Divisions under the command were:
- 1st Anti-Aircraft Division – Existing division at start of the war, headquartered in Uxbridge.
- 2nd Anti-Aircraft Division – Existing division at the start of the war, headquartered at RAF Hucknall, Nottinghamshire.
- 3rd Anti-Aircraft Division – Existing division at the start of the war, headquartered in Edinburgh.
- 4th Anti-Aircraft Division – Existing division at the start of the war, headquartered in Chester.
- 5th Anti-Aircraft Division – Existing division at the start of the war, headquartered in Reading.
- 6th Anti-Aircraft Division – Existing division at the start of the war, headquartered in Uxbridge.

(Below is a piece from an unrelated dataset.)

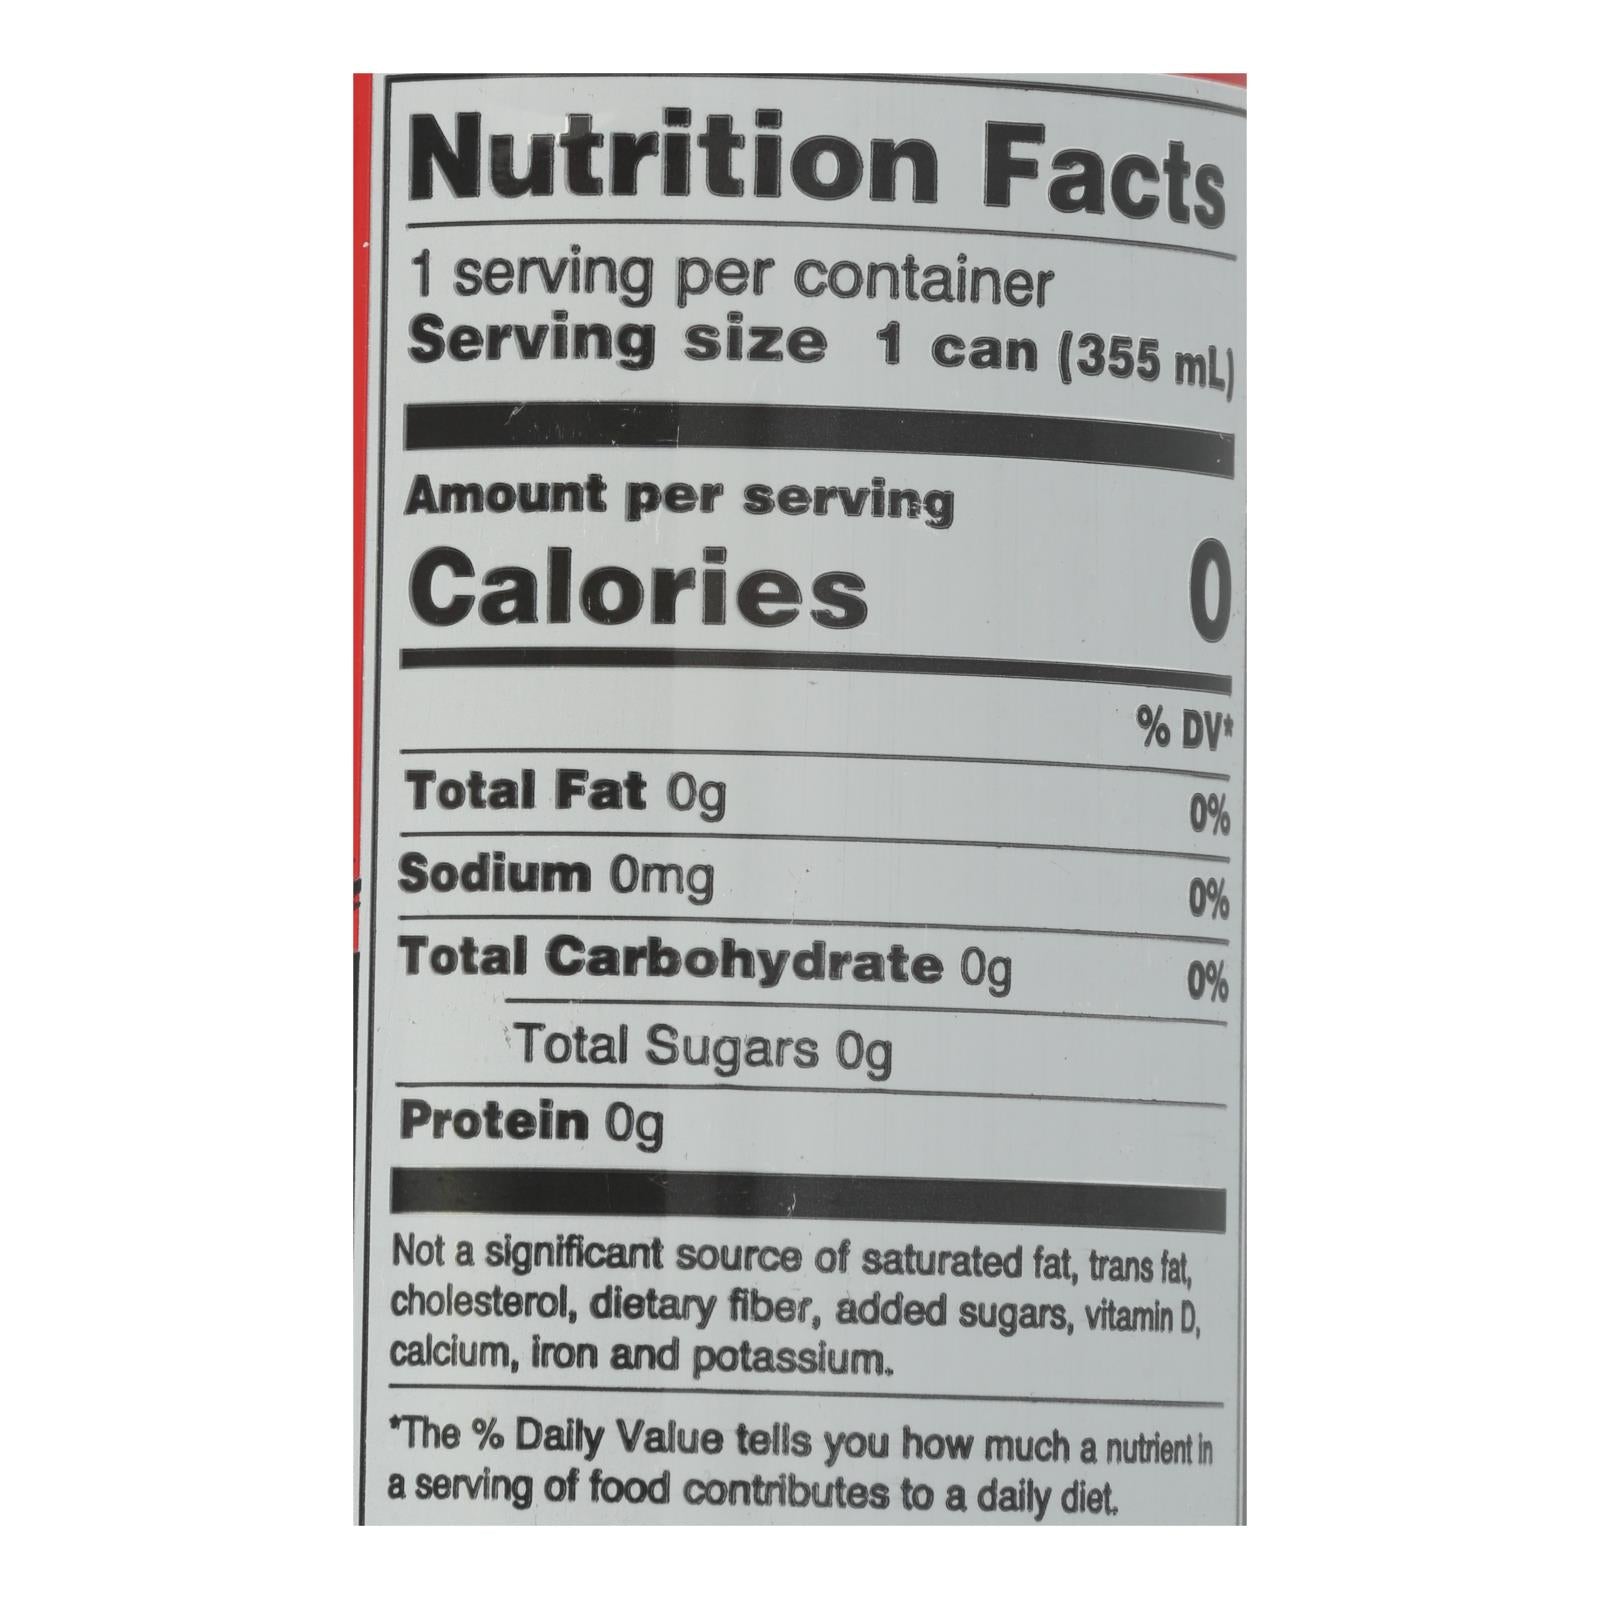 Zevia Zero Calorie Energy Drink - Grapefruit - Case Of 12 - 12 Fl Oz

- 7th Anti-Aircraft Division – Existing division at the start of the war, headquartered in Newcastle upon Tyne.
- 8th Anti-Aircraft Division – Formed November 1940 covering South West England, headquartered in Bristol.
- 9th Anti-Aircraft Division – Formed November 1940 covering South Wales, headquartered in Cardiff.

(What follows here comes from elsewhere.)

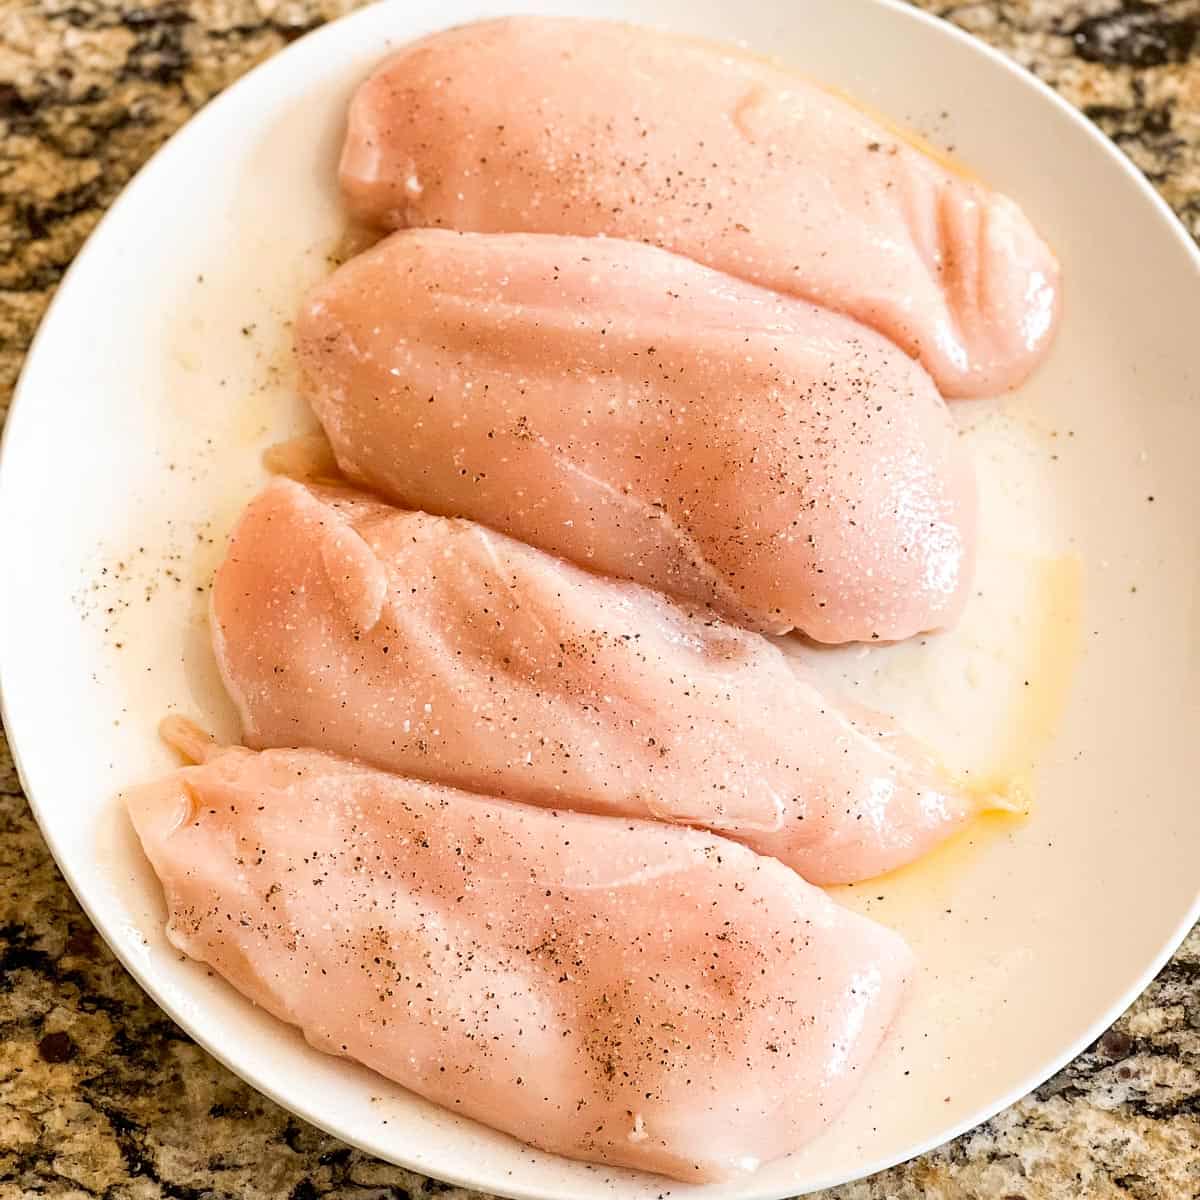 4 seasoned boneless, skinless chicken breast filets on a white plate.

- 10th Anti-Aircraft Division – Formed November 1940 covering Yorkshire and the Humber Estuary.
- 11th Anti-Aircraft Division – Formed November 1940 covering the West and Central Midlands.
- 12th Anti-Aircraft Division – Formed November 1940 covering southwestern Scotland.

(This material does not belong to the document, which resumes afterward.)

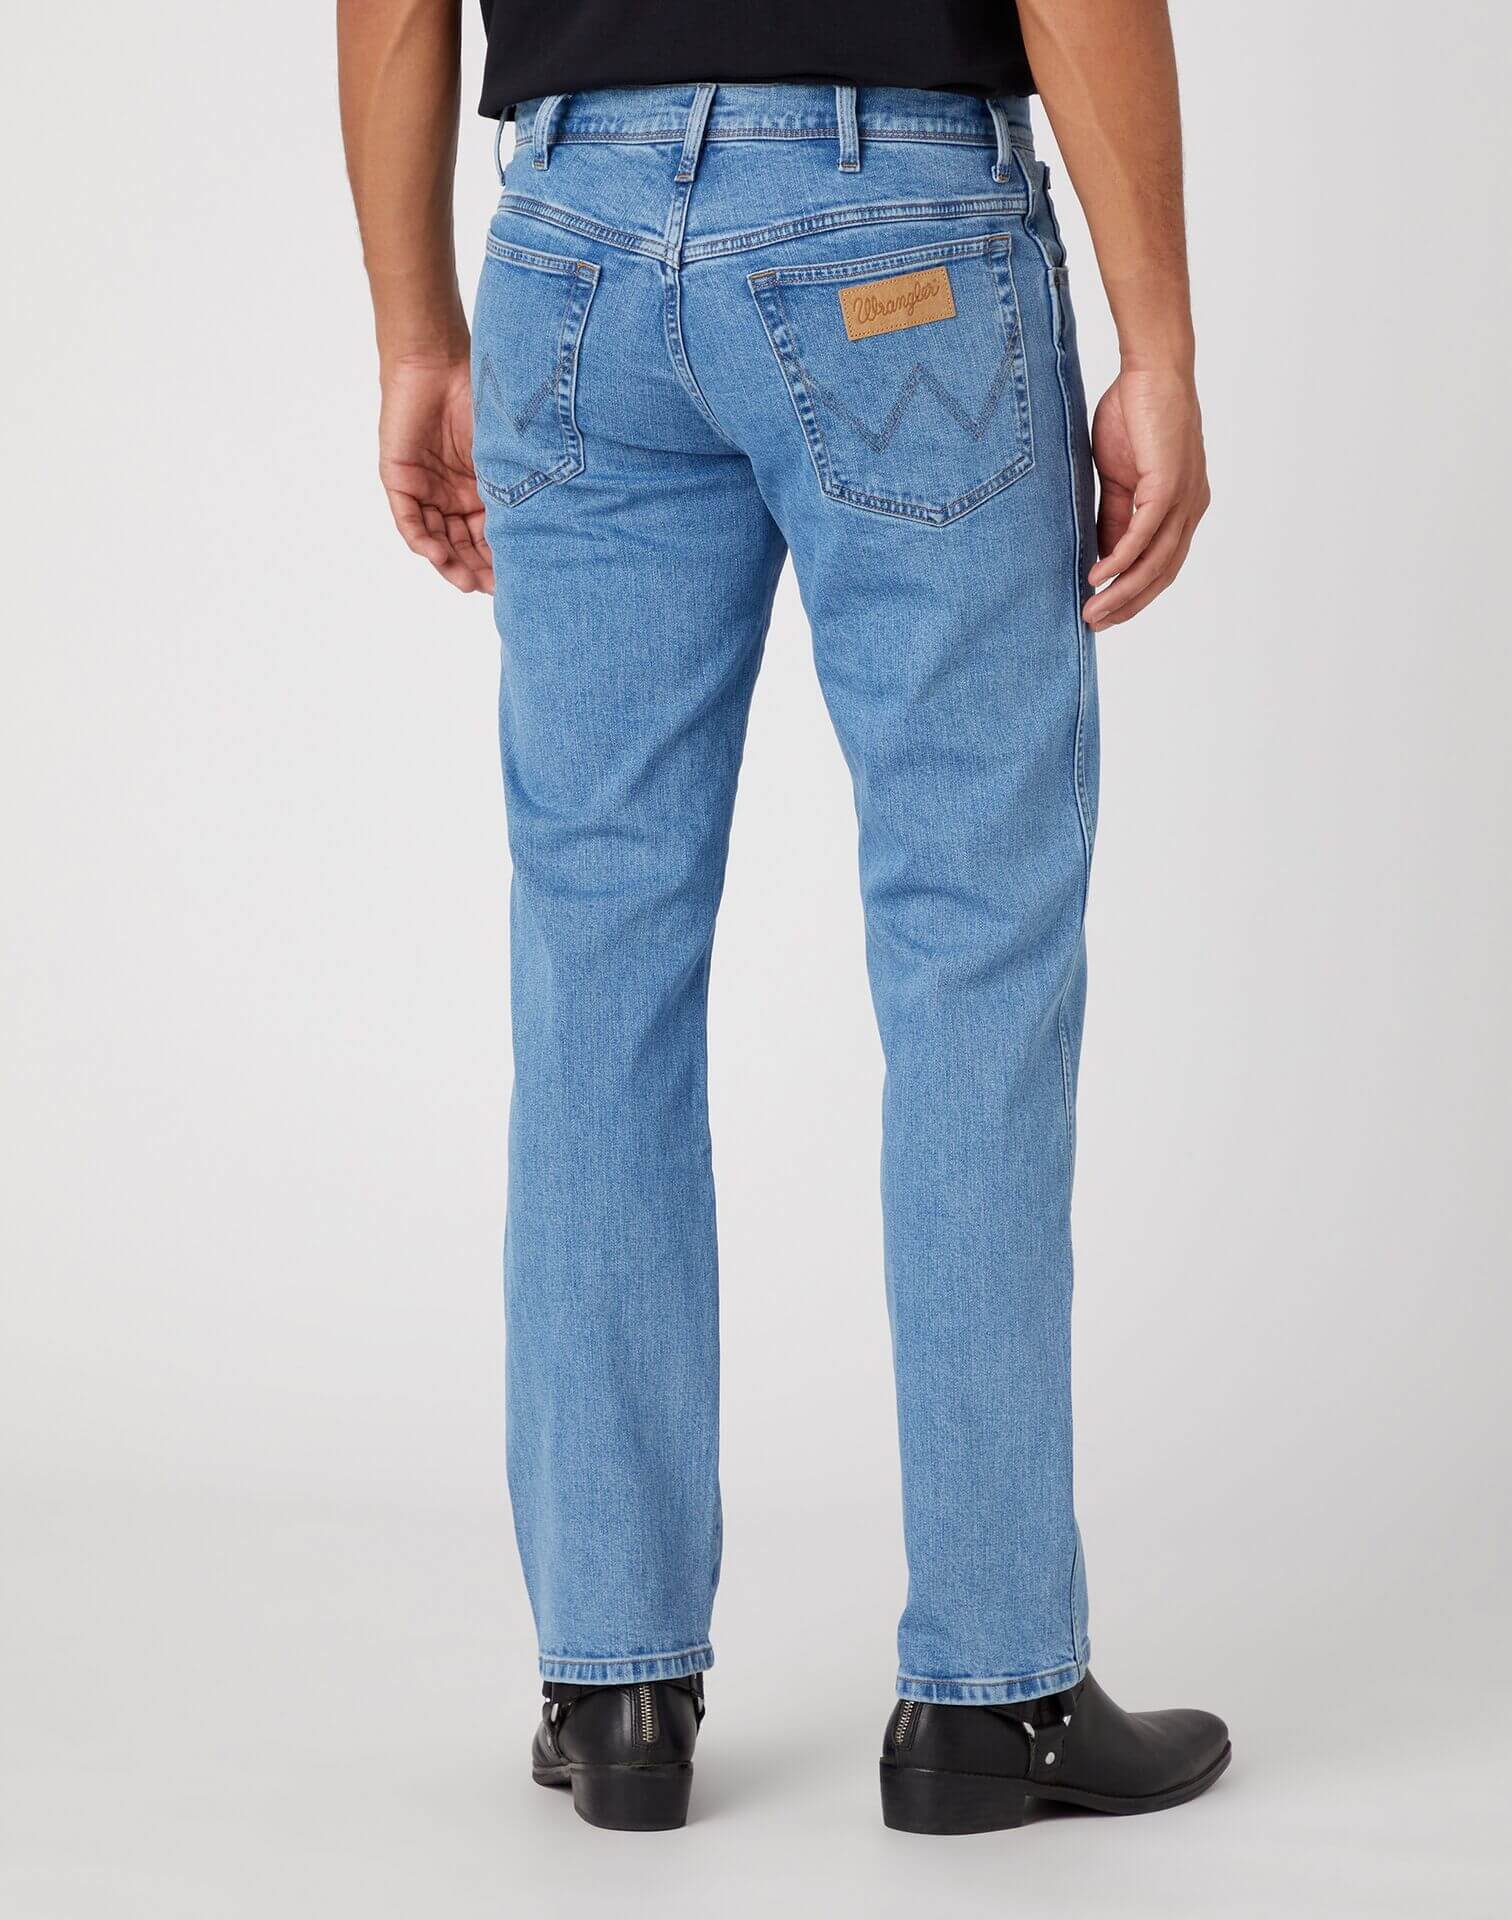 men.jeans .texas .w121hrz93 2

AA Command was also responsible for the Orkney and Shetland Defences (OSDEF).

===Corps===
At the end of 1940, the Command created three Corps to supervise this expanding organisation:
- I Anti-Aircraft Corps covering the South (1, 5, 6, 8 and 9 AA Divisions) corresponding with 10 and 11 Groups RAF
- II Anti-Aircraft Corps covering the Midlands (2, 4, 10 and 11 AA Divisions) corresponding with 9 and 12 Groups RAF
- III Anti-Aircraft Corps covering the North (3, 7 and 12 AA Divisions, and OSDEF) corresponding with 13 and 14 Groups RAF

===Groups===
In October 1942, the corps and divisions were abolished and replaced by seven flexible AA Groups more closely aligned with the operational structure of Fighter Command:
- 1st Anti-Aircraft Group covering London
- 2nd Anti-Aircraft Group covering the Solent, South-East England and southern East Anglia
(1st and 2nd AA Groups coincided with No. 11 Group RAF)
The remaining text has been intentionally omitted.